Франсуаза входила подтопить и бросала несколько веточек, запах которых, забытый за лето, описывал вокруг камина магический круг, в котором я видел, как я читаю то в Комбре, то в Донсьере, и радовался, что я у себя в комнате в Париже, так, как если бы вышел на прогулку по направлению к Мезеглизу37 или встретил Сен-Лу и его друзей на полевых занятиях. Обычно радость вновь погрузиться в воспоминания, которые для людей сберегла память, сильнее у тех, которых жестокость физической боли и постоянная надежда на выздоровление не пускают искать в жизни картины, похожие на эти воспоминания, а вместе с тем вселяют в них уверенность, что они, испытывая страстное желание, чувство голода, очутятся напротив этих картин и воспримут это не только как воспоминания, не только как картины. И хотя и те и другие были обречены на то, чтобы навеки остаться для меня всего лишь картинами и воспоминаниями, а я был обречен при мысли о них только вновь увидеть их, внезапно они превращали меня, меня всего, с помощью тождественного ощущения, в видевшего их ребенка, юношу. За это время снаружи не произошло перемены погоды, в комнате пахло все так же, а во мне произошла разница в возрасте, замещение одной личности другою. Запах веток в холодном воздухе — это был как бы отрывок прошлого, незримый припай, оторвавшийся от минувшей зимы и двигавшийся по моей комнате, часто рассекаемый запахом, светом, как в былые годы, куда я вновь погружался, охваченный, еще до того как я их опознавал, ликованием надежд, давным-давно мне изменивших. Солнце достигало моей кровати, проходило через прозрачные перегородки моего похудевшего тела, нагревало меня, и я становился горячим, как стекло. Подобно выздоравливающему, но изголодавшемуся больному, мысленно питающемуся всеми блюдами, которых ему еще не дают, я задавал себе вопрос: жениться мне на Альбертине или нет, не исковеркаю ли я себе жизнь, не слишком ли тяжкое взваливаю я на себя бремя, посвящая жизнь другому человеку, заставляя себя жить в отсутствие самого себя из-за того, что все время около меня будет другой человек, и лишая себя навсегда радостей одиночества.

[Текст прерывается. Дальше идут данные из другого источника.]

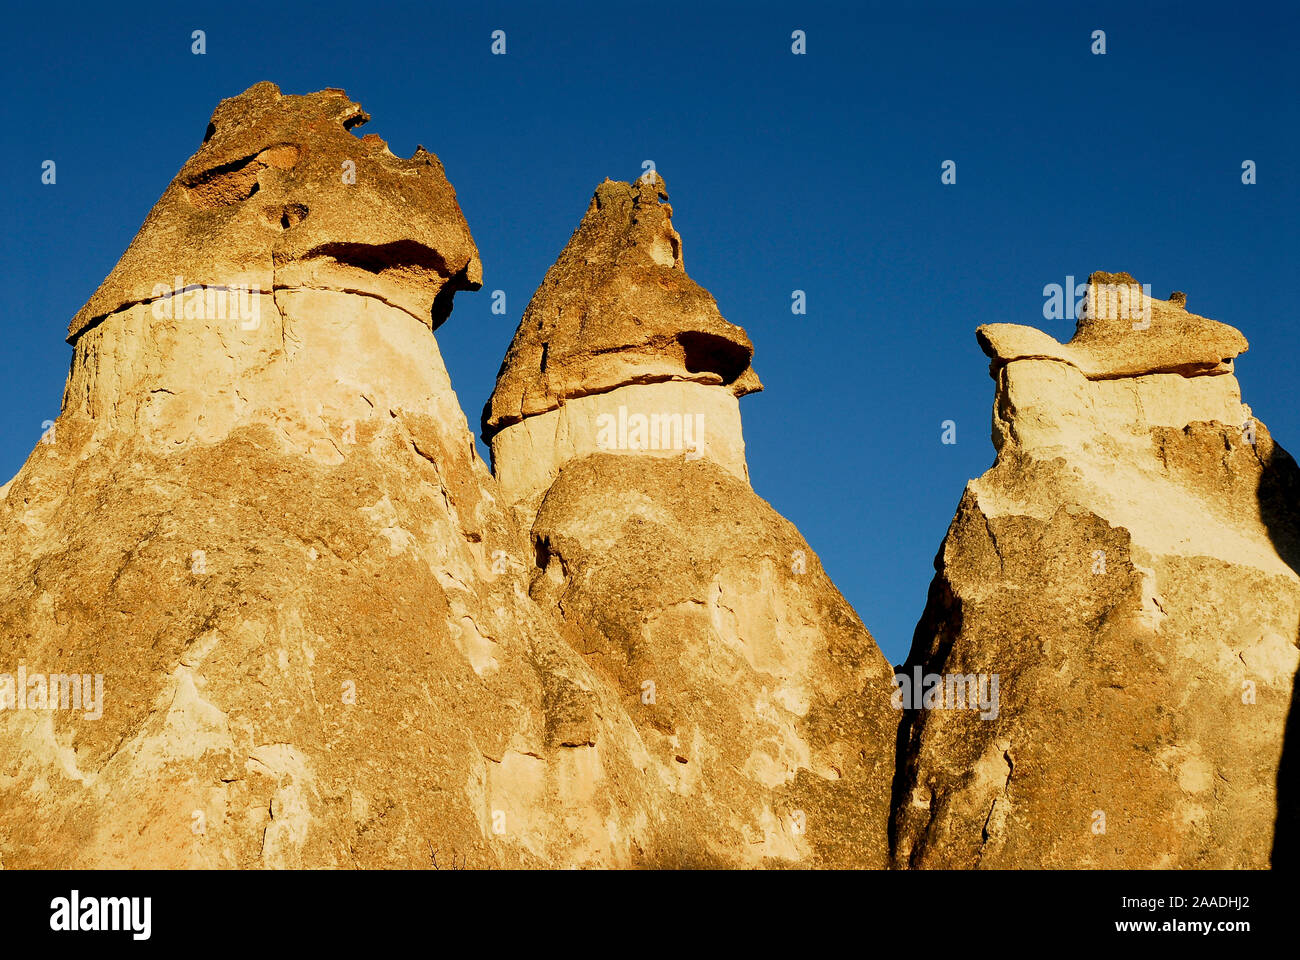 Pinnacles, also known as fairy chimneys or hoodoo,  Love Valley. Goreme National Park and the Rock Sites of Cappadocia UNESCO World Heritage Site. Turkey. December 2006. Stock Photo

И не только радостей. Даже не требуя от дня ничего, кроме желаний, — разумеется, желаний, которые вызывают не предметы, а одушевленные существа с индивидуальными чертами. Если, встав с постели, я на минуту отдерну занавеску, то в этом будет мало общего с пианистом, открывающим на минутку крышку фортепьяно; мне хочется проверить, точно ли того же охвата достигает солнечный свет на балконе и на улице, как в моей памяти, а также обратить внимание на прачку, несущую белье в корзине, на булочницу в голубом фартуке, на молочницу в нагруднике, с рукавами из белого холста, несущую крючок с висящими на нем бутылками молока, белокурую девочку, с гордым видом шествующую с гувернанткой, — словом, увидеть картину, различие в линиях которой, быть может количественно ничтожное, делает ее совершенно непохожей на все прочие, как различны две ноты в одной музыкальной фразе, и без которой я обеднил бы день, лишив его целей, какие могли бы утолить мою жажду счастья. Но от преизбытка радости, доставлявшегося мне взглядом на женщин, которых невозможно вообразить a priori, они становились более желанными, более достойными изучения; улица, город, весь мир возбуждали во мне по той же причине жажду выздороветь, выйти из дома и, без Альбертины, быть свободным. Сколько раз, когда незнакомая женщина, о которой я мечтал, проходила мимо моего дома или проезжала на всей скорости своего автомобиля, я жалел, что мое тело не может следовать за взглядом, который ее уловил в толпе, жалел, что не могу попасть в нее, как пуля после выстрела, произведенного в нее из моего окна, жалел, что не в силах остановить бег ее лица, в котором меня ожидал призыв к счастью, меж тем как, заточенному, мне его не изведать вовек!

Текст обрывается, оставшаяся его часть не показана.